Turkish police detain 4 journalists of seized Özgürlükçü Demokrasi in house raids

Turkish police detained four Kurdish journalists during raids on Wednesday on the homes of employees of the Özgürlükçü Demokrasi newspaper.

According to a report by the pro-Kurdish Fırat news agency (ANF), Turkish police, after raiding the offices of Özgürlükçü Demokrasi and the Gün Printing House in İstanbul last week and detaining 25 employees, carried out a raid on the apartments of newspaper employees last night and detained journalists Reyhan Hacıoğlu, Pınar Tarlak and Hicran Ürün and Mehmet Beyazıt, a former employee of the daily.

Also on Wednesday the father of pro-Kurdish Mezopotamya news agency reporter Berzan Güneş, for whom a detention warrant has been issued in Iğdır province, was detained by police. According to a report by Mezopotamya, the police carried out a raid on the home of Berzan Güneş, where they detained her father, Ahmet Güneş (68), giving some books found in the search as justification.

Turkey is the biggest jailer of journalists in the world. The most recent figures documented by SCF show that 245 journalists and media workers were in jail as of April 4, 2018, most in pretrial detention. Of those in prison 188 were under arrest pending trial while only 57 journalists have been convicted and are serving their time. Detention warrants are outstanding for 140 journalists who are living in exile or remain at large in Turkey.

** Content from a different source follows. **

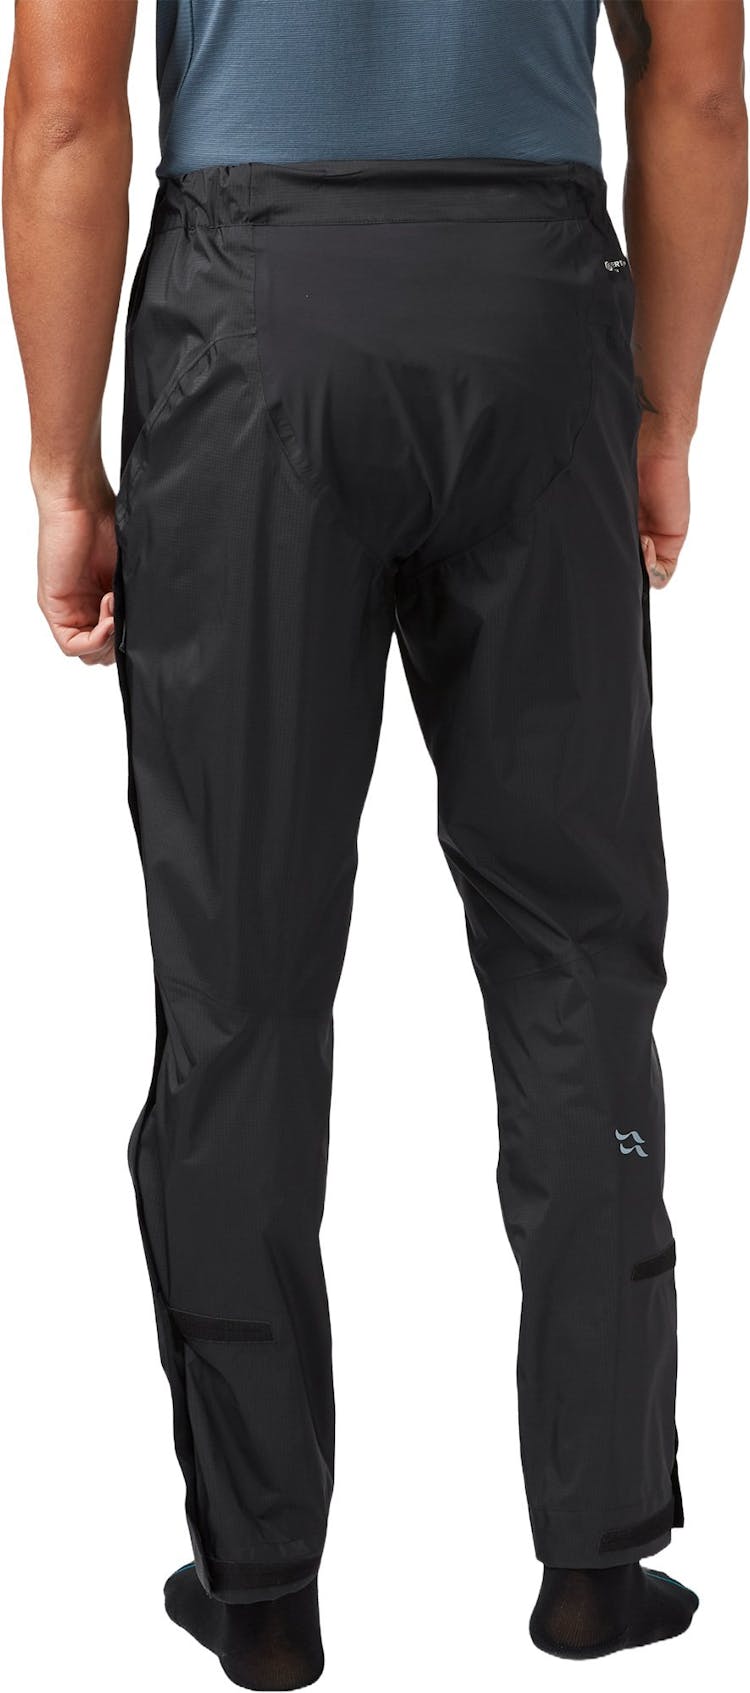 Numéro de l'image de la galerie de produits 9 pour le produit Pantalon imperméable Cinder Downpour - Homme

Detaining tens of thousands of people over alleged links to the Gülen movement, the government also closed down about 200 media outlets after a controversial coup attempt on July 15, 2016.

Turkish police have also carried out house raids and detained 15 people in th eBulanık district of Muş province. While the reason for detentions was not immediately clear, the detainees were taken to the Muş police headquarters.

Moreover, five people who were in the village of Amara in Şanlıurfa province to celebrate the birthday of Abdullah Öcalan, the jailed leader of the outlawed Kurdistan Workers’ Party (PKK), were detained in the house of his brother on Tuesday night.

According to ANF, people staying in the home of the Kurdish leader’s brother, Mehmet Öcalan, were ordered by gendarmerie forces to exit the house. When they refused, gendarmes raided the house and detained five people, including the Democratic Regions’ Party’s (DBP) Şanlıurfa Co-chair Bekir Karakeçili and journalist Hacı Yusuf Topaloğlu.

Late Tuesday evening, four executives of the pro-Kurdish Peoples’ Democratic Party (HDP) in the Bozova district of Şanlıurfa were also detained in Amara. Efforts made by HDP deputy Dilek Öcalan, niece of the PKK leader, for the release of the detainees reportedly yielded no results.

The Turkish government’s crackdown on the Kurdish political movement began in late 2016 with the arrest of high profile politicians, including the party’s then co-chairs, Figen Yüksekdağ and Selahattin Demirtaş, which led to the detention of at least 5,000 members of the HDP, including 80 mayors.

Trustees have been appointed to dozens of municipalities in the country’s predominantly Kurdish Southeast. There are currently 10 HDP deputies behind bars. The developments have attracted widespread criticism from the region and Western countries.

Turkish authorities had conducted direct talks with Abdullah Öcalan, jailed leader of the outlawed PKK for several years until a truce in effect collapsed in the summer of 2015. Since then, there have been heavy clashes between the PKK and Turkish security forces.

More than 40,000 people, including 5,500 security force members, have been killed in four decades of fighting between the Turkish state and the PKK, which is listed as a terrorist organization by Turkey, the US and the EU. Over 1,200 Turkish security personnel and civilians, including a number of women and children, have been killed since July 2015 alone, when the Turkish government and the PKK resumed the armed struggle.